Michele Bachmann Pakistan Comments Not A Leak Of Classified Intel [UPDATED]

Bachmann 'Leaks' Information Provided In Magazine Article

UPDATE:

Looks like Bachmann was simply an astute reader of The Atlantic, which reported on the figures in a recent article by Jeffrey Goldberg and Marc Ambinder.

Like many statements made by Pakistan’s current leaders, this one contained large elements of deceit. At least six facilities widely believed to be associated with Pakistan’s nuclear program have already been targeted by militants.

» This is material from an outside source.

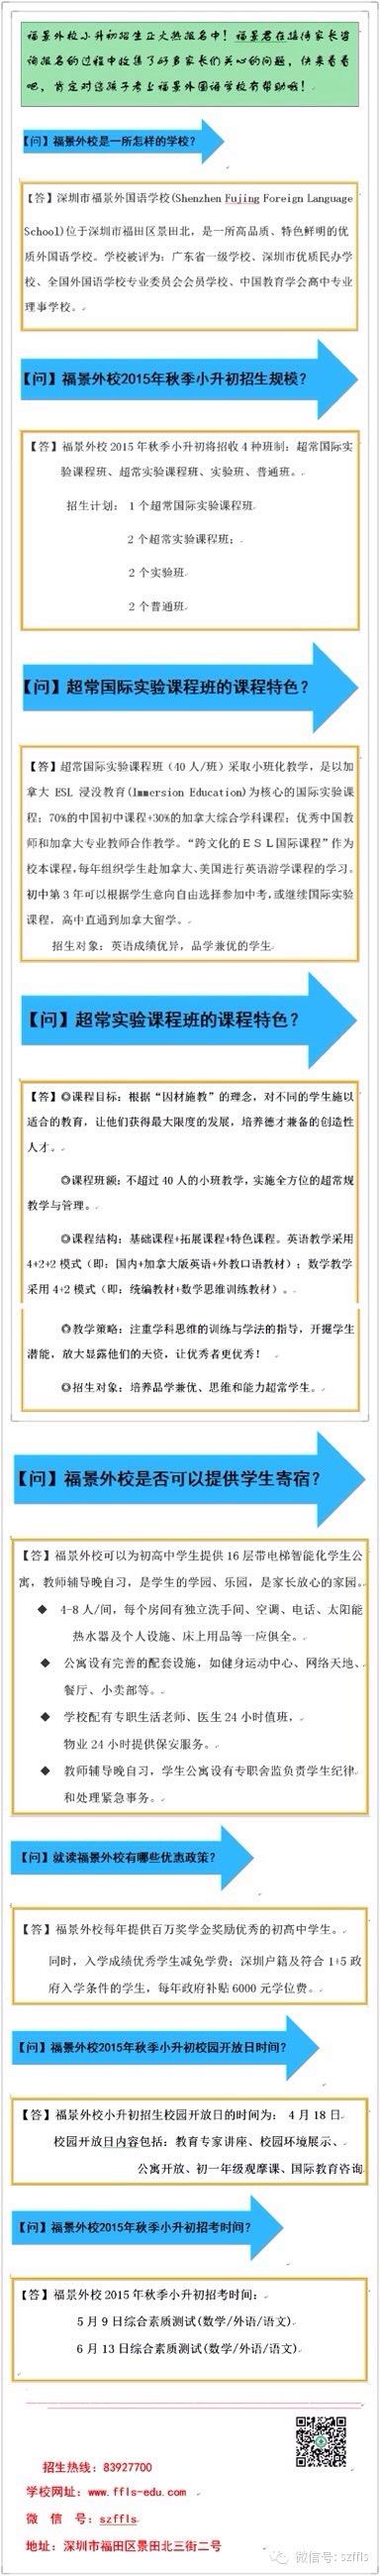 2015深圳福景外国语小升初招生问答汇总

In November 2007, a suicide bomber attacked a bus carrying workers to the Sargodha air base, which is believed to house nuclear weapons; the following month, a school bus was attacked outside Kamra air base, which may also serve as a nuclear storage site; in August 2008, Pakistani Taliban suicide bombers attacked what experts believe to be the country’s main nuclear-weapons-assembly depot in Wah cantonment. If jihadists are looking to raid a nuclear facility, they have a wide selection of targets: Pakistan is very secretive about the locations of its nuclear facilities, but satellite imagery and other sources suggest that there are at least 15 sites across Pakistan at which jihadists could find warheads or other nuclear materials.

She even borrowed "too nuclear to fail," a description that Stephen P. Cohen, the Pakistan analyst at Brookings, gave the magazine.

EARLIER:

In discussing Pakistan during Tuesday night's GOP presidential debate on foreign policy, Rep. Michele Bachmann (R-Minn.), a member of the House Intelligence Committee, employed some information that was either false, or that had not yet been released to the public, National Journal reports.

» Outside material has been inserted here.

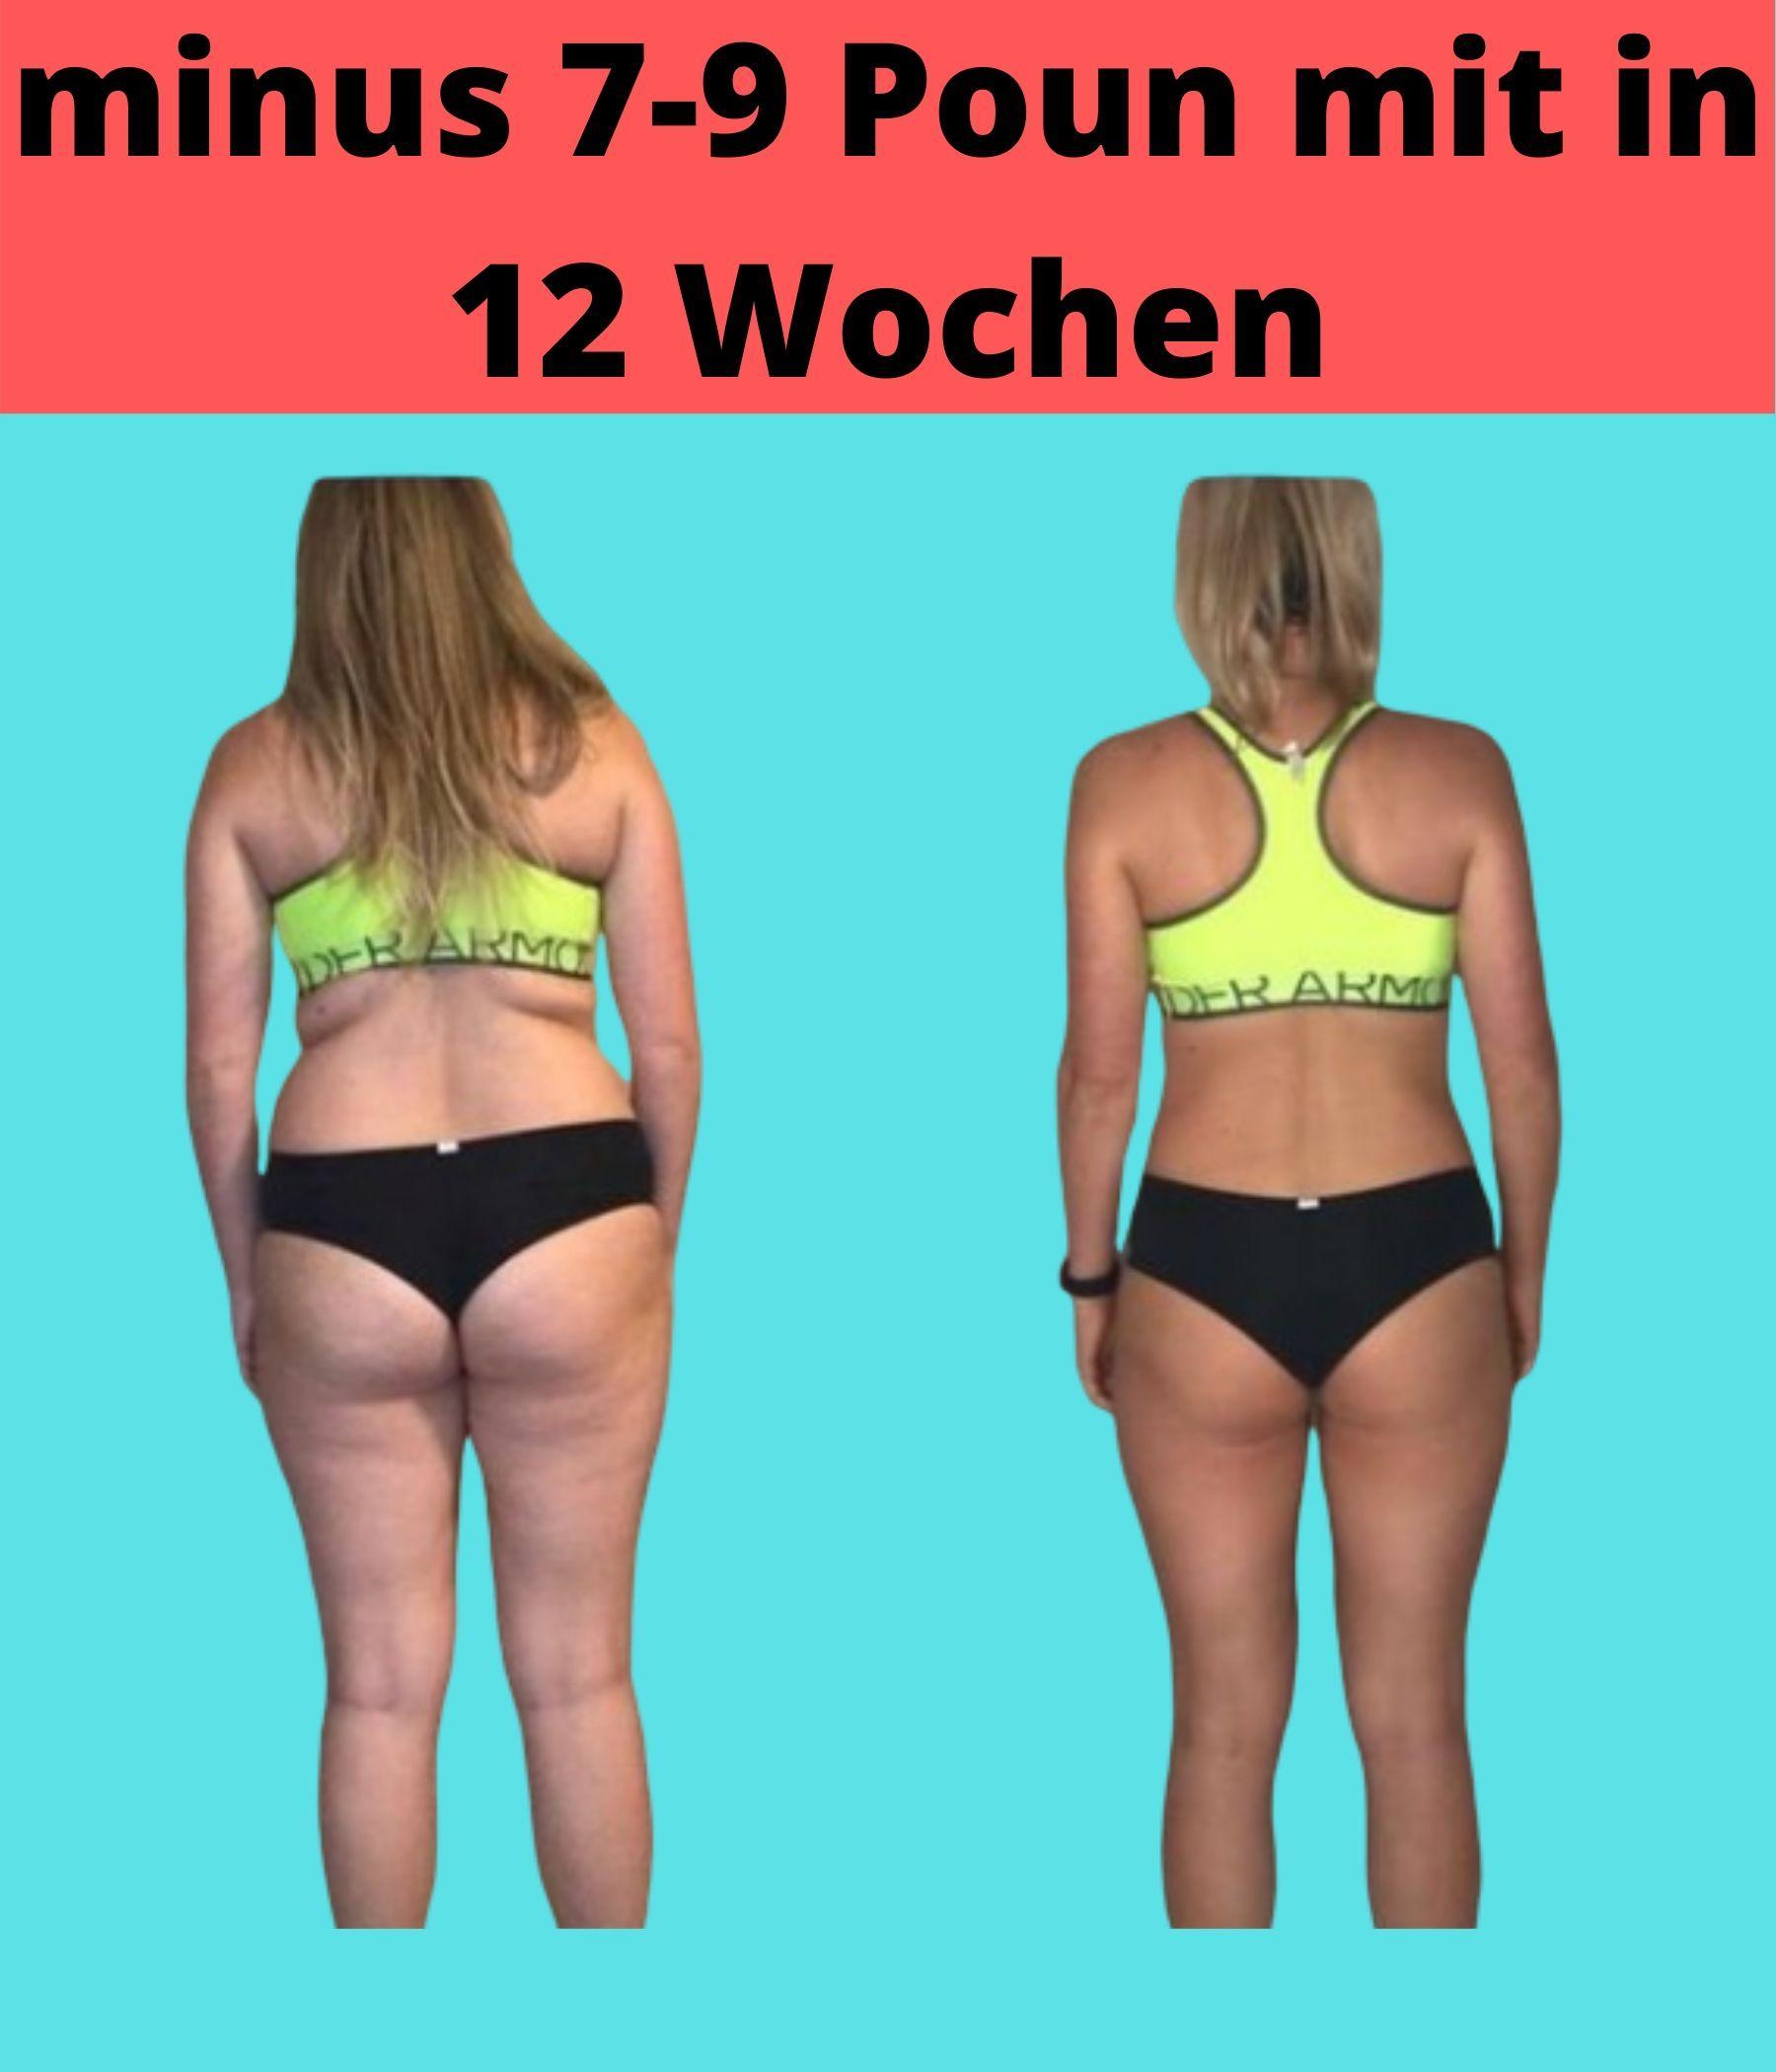 Die beste Medizin, um Gewicht zu verlieren

It began with Bachmann and Texas Governor Rick Perry locking horns over foreign aid to Pakistan on the Washington D.C. stage. Perry claimed that the United States should stop subsidizing a country that he said had proven it didn't have our best interests in mind. Bachmann countered, claiming that Pakistan had already weathered attempts by extremists to take control of the nation's nuclear facilities, and that cutting off aid could leave it even more vulnerable. Perry was "naive" and Pakistan was simply "too nuclear to fail," she concluded.

But as Bachmann knows herself, the devil is in the details, which according to her are specifically that Pakistan controls a total of 15 nuclear sites that have been targeted six separate times.

Yochi J. Dreazen at National Journal:

U.S. intelligence and military officials believe that Pakistan has 15 nuclear sites, but no U.S. official has publicly said that all of the sites were vulnerable to militant attack or confirmed that any of them had previously come under any form of jihadist attack.

Of course, that doesn't necessarily mean that Bachmann's intel is accurate, but if it is, she was reportedly the first one to inform the public, perhaps constituting a leak of classified information on broadcast television.